After the recent demonstrations outside Parliament, the first salvo of the predictable attack on the forthcoming introduction of the Sexual Orientation Regulations in the rest of the UK was shot on Monday.
The man with the starting pistol was unsurprisingly, by the Catholic Church. Cardinal Murphy-O’Connor, the Archbishop of Westminster and head of the Roman Catholic Church in England and Wales.
The man in red sent a letter to every Cabinet member with apparent intent of blackmailing the government into giving the Church further exemptions in the regulations to those they already have. He denies the charge of blackmail.
Ruth Kelly, the Communities Secretary, herself a staunch Catholic, had been reported over the weekend to be considering granting the Church an opt-out clause with the apparent support of the Prime Minister.
However, several members of the Cabinet have already come out against the move, prompting rumours of a split.
On Tuesday, the Church of England, or at least its two highest ranking prelates, Rowan Williams, Archbishop of Canterbury and John Sentamu, Archbishop of York, wrote an open letter to the Prime Minister in support of Murphy-O’Connor’s threat.
It seems to me there are several flaws in the reasoning behind these demands for opt-outs and the claims that the new regulations are not compatible with the religious agencies’ activities.
First, the law clearly and simply says that gay people can adopt; and churches, however much they would like it to be the case, are in no position to decide that a law should be ignored, even if they think it wrong.
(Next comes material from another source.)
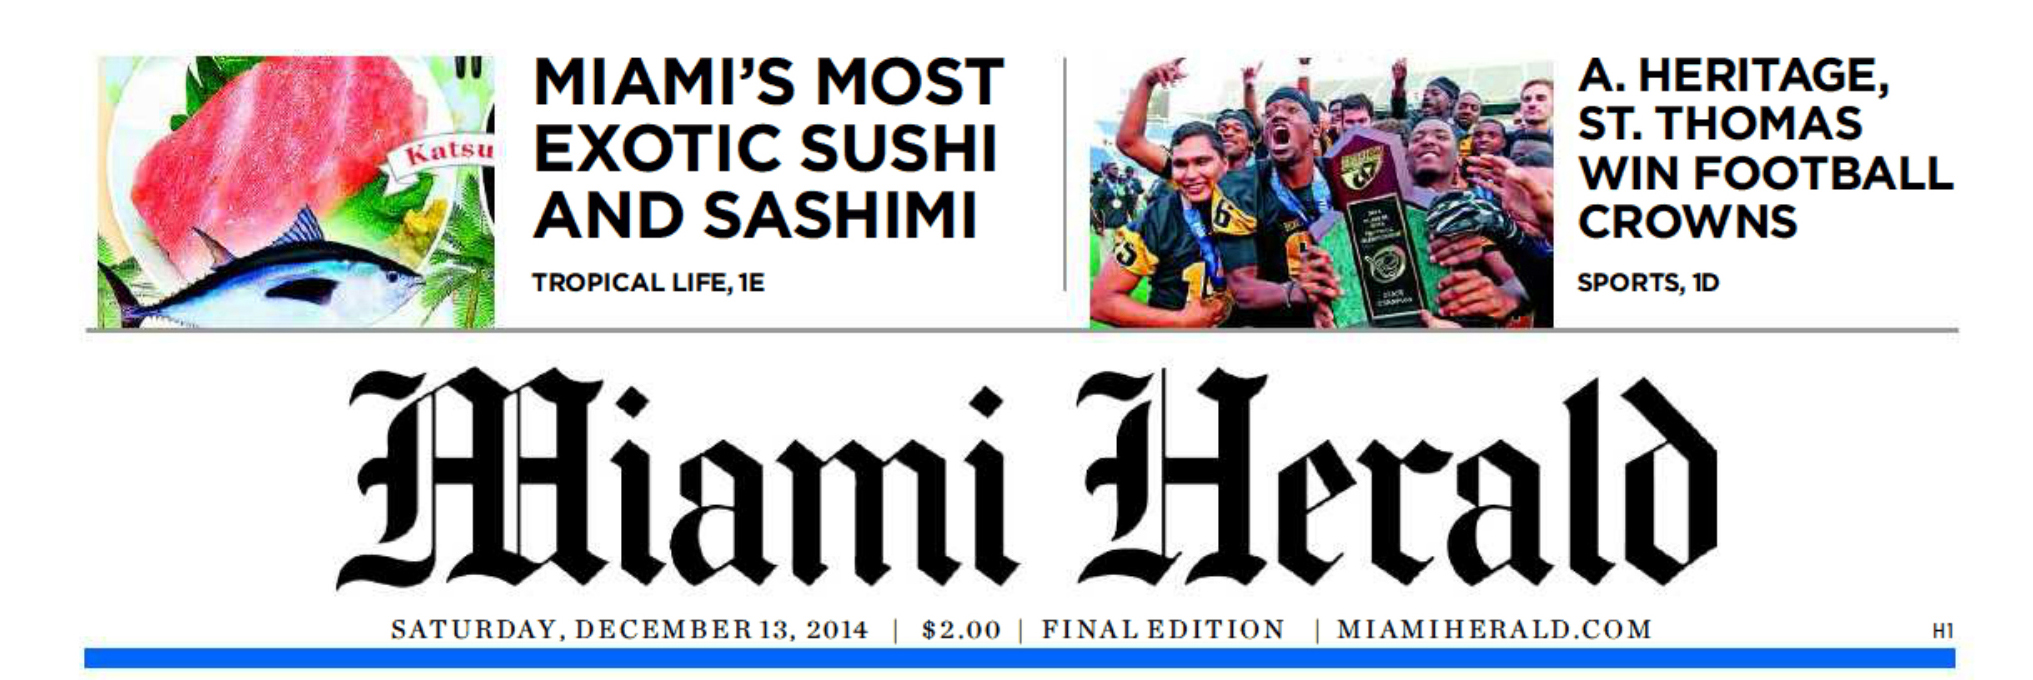 Miami's Most Exotic Sushi and Sashimi, Miami Herald
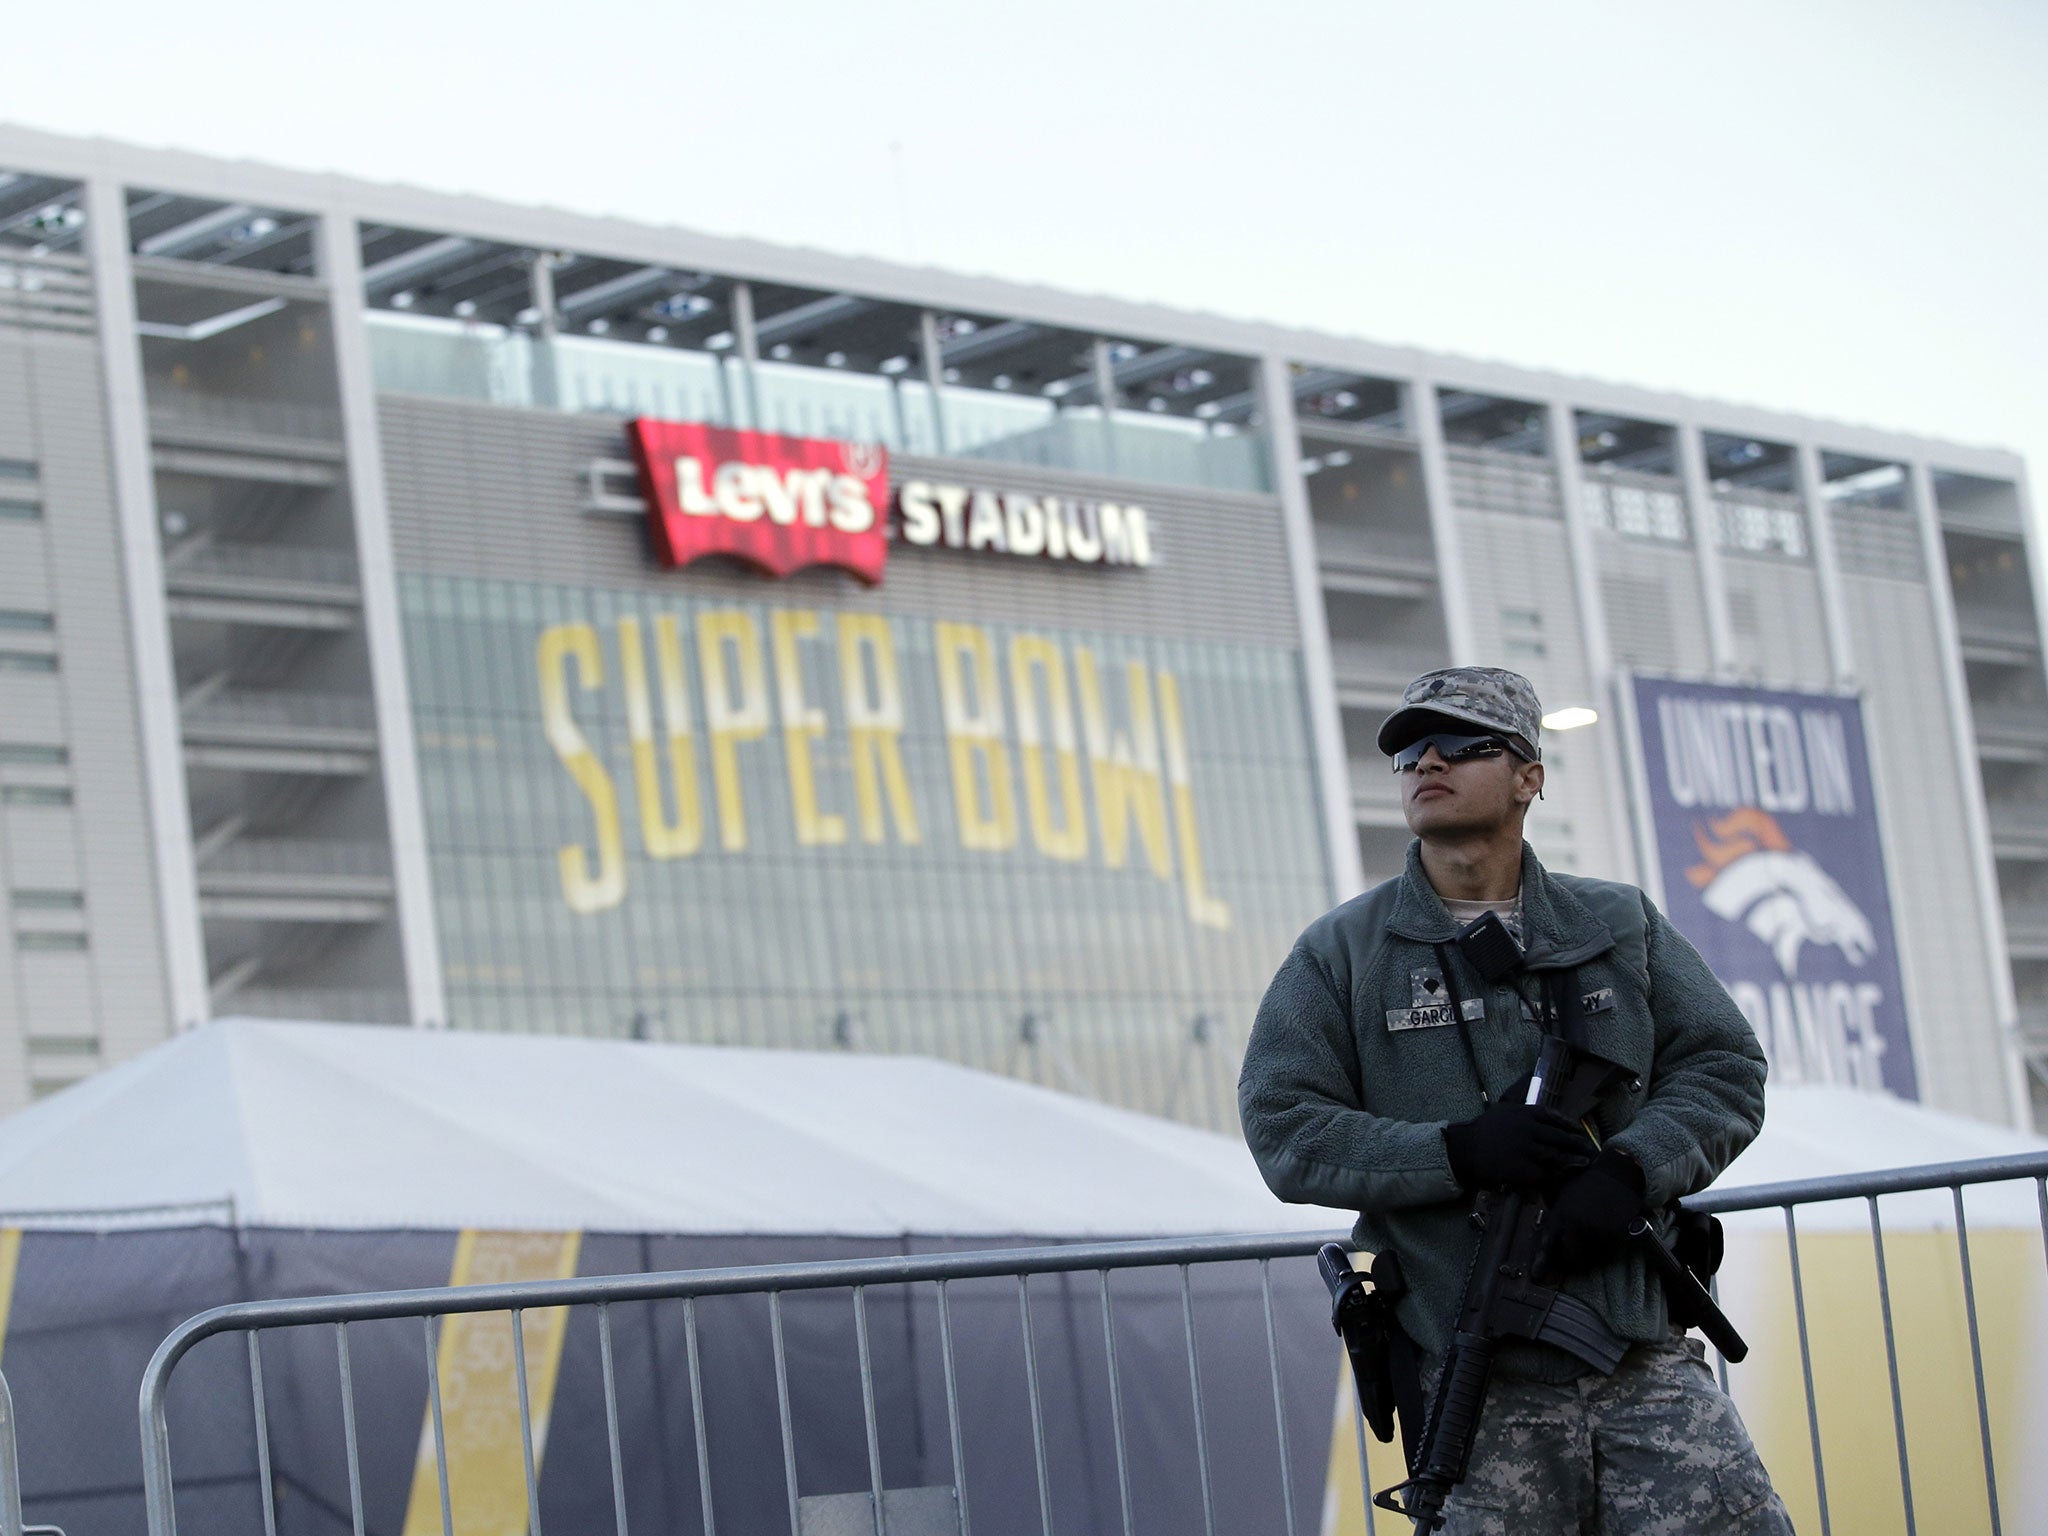 A US Army soldier patrols outside the Levi's Stadium in Santa Clara, California

Second, there is a shortage of foster parents in this country. I would think that the more loving and caring couples can be found to raise those children (whether gay or straight), the better.
Third, as Williams and Sentamu are so keen to remind us in their letter, these adoption agencies are providing a public service.
They receive funding from the state (taxpayers’ money; some of which is coming from LGBT people and families) to perform those services, thus effectively becoming state agencies.
They therefore have an obligation to provide their services to everyone without discrimination whatsoever as any public body would in a democratic society.
The fact that they resist dispatching some of their duties so vehemently should perhaps even be seen by the supervising authorities as a signal that there may be other areas in which discrimination is taking place. If they can do it so easily and forcefully against one group, why not against others?
What is certain is that the Churches are shooting themselves in the foot in this instance. This whole business is not going to improve their already tarnished image.
My advice to the Catholic Church and the C. of E. is to get off their moral high-ground and think a little more about their duty towards the children they pretend to be wanting to help, or indeed simply give up.
If those agencies are not ready to welcome and serve everyone, then perhaps we should not expect them to provide any service at all.
Let them stop and pass on their rather small burden (The Catholic Church’s agencies are said to handle 4% of all adoptions; about 200 a year) to the many non-moralising organisations out there, ready to do the job properly.
At the end of the day, however, it seems that this may not simply be about helping children or even religious conscience and homophobia.
After all, Churches have made all sorts of compromises and adjustments to their doctrines along the centuries.
The much-quoted Book of Leviticus, where the Bible’s strongest and almost only condemnation of homosexuality is to be found, provides ample evidence of this.
Could it be that religious leaders are simply scared to loose their power and influence?
That they simply can not accept the fact that after about 2000 years of moulding society and ruling people’s lives in all impunity, other views on life have come to the fore and asserted themselves as valid and legitimate alternatives to their own philosophy?
The world is moving on but these people are apparently quite content to uphold and follow verbatim an often contradictory book written thousands of years ago for different people, mores and times.
Others, and that includes the vast majority of Christians, are thankfully living with their own time.